Le lièvre brun, ou lièvre d’Europe, voit son habitat naturel se réduire. (Photo : editpress)

Depuis 2024, l’Aktion Hues recense les lièvres au Grand-Duché. Une démarche citoyenne pour faire face au déclin de l’espèce.

À l’approche de Pâques, quelqu’un manque à l’appel. Mais où est donc passé le lièvre? Présent dans les steppes, les prairies et les friches, ce petit mammifère brun se fait de plus en plus rare depuis plusieurs années au Grand-Duché.

Afin de recenser la population de lièvres dans le pays, le Mouvement écologique et l’Oekozenter Pafendall ont formé une action citoyenne : l’Aktion Hues. «C’est une action participative. Via l’application iNaturalist, les gens peuvent prendre en photo ou simplement indiquer les lièvres qu’ils aperçoivent pour ensuite partager leurs observations avec la communauté et participer au recensement», explique Claire Wolff, responsable biodiversité du Mouvement écologique (Méco).

Pour l’association, il s’agit d’une contribution citoyenne, mais aussi d’une démarche scientifique. «Une communauté de scientifiques est aussi présente sur l’application. Une fois les photos validées par les utilisateurs, les données sont envoyées au musée national d’Histoire naturelle du Luxembourg pour intégrer une base de données nationale», détaille Claire Wolff.

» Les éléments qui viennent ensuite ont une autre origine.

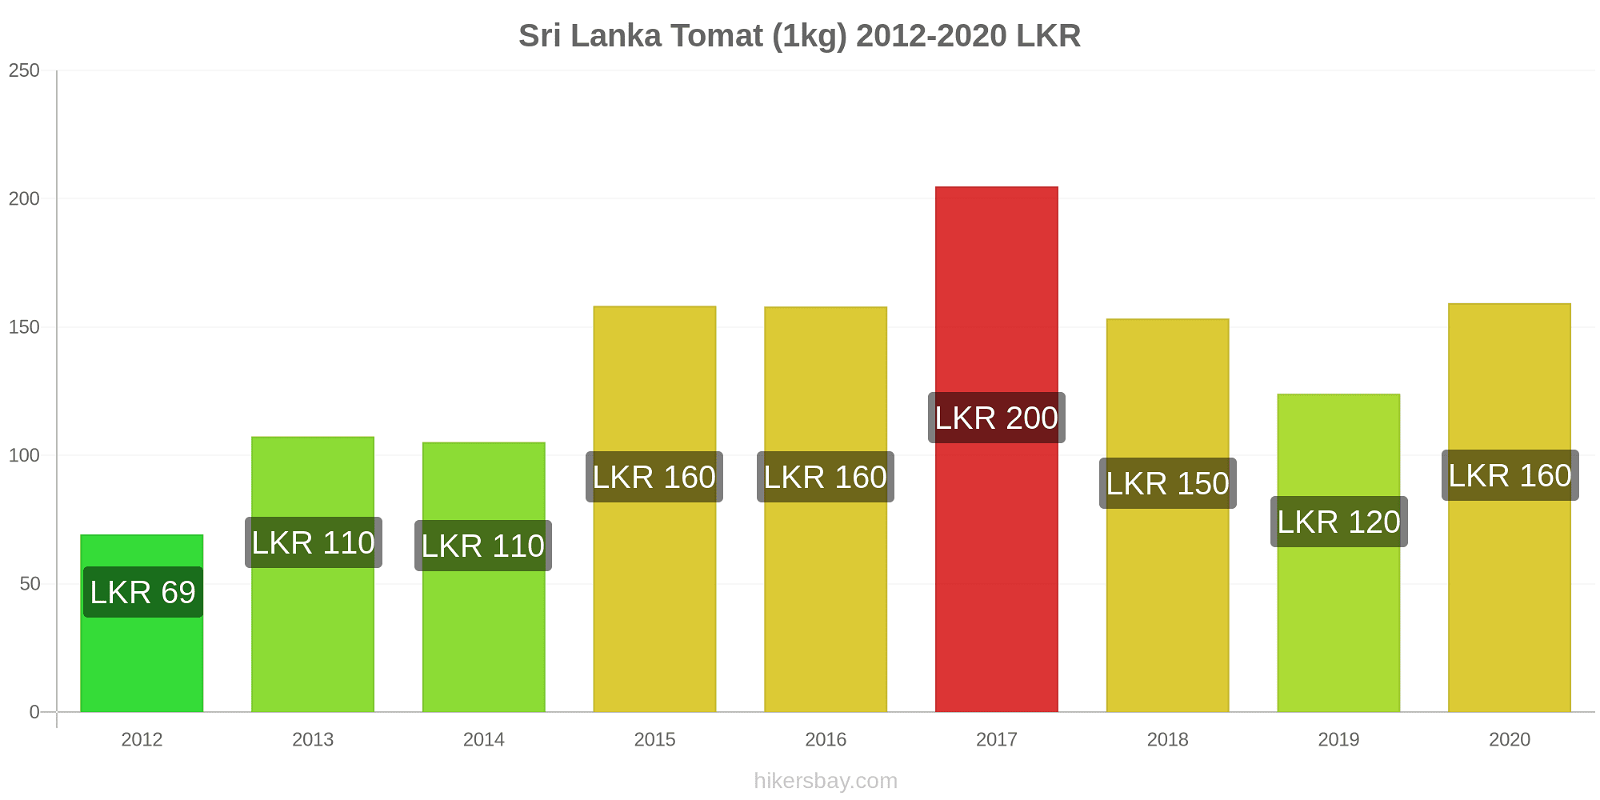 Sri Lanka prisförändringar Tomat (1kg) hikersbay.com

La représentante du Méco pointe l’absence de recensement national et scientifique de l’animal aux grandes oreilles. À titre d’exemple, le lièvre est peu présent dans le nord et dans l’est du pays. Le mouvement compte ainsi sur les données recueillies par les utilisateurs de iNaturalist pour confirmer ces résultats.

Un habitat perturbé

Une menace plane sur l’habitat naturel du lièvre : l’expansion de l’agriculture intensive. «Les grands plateaux vides, les prairies coupées et l’augmentation des champs agricoles font partie des raisons du déclin», s’alarme Claire Wolff. En effet, le lièvre a besoin de cachettes, lui qui adore vivre dans des bandes d’herbes hautes le long des chemins ou dans les haies. «Notre paysage manque de coins en friche, donc l’espèce se retrouve menacée», proteste-t-elle. Avec le temps, le lièvre s’est adapté au changement de son milieu naturel. Mais le Mouvement écologique rappelle que l’animal doit bénéficier d’une alimentation diversifiée, d’endroits à l’abri pour se cacher et pour protéger ses petits, les levrauts.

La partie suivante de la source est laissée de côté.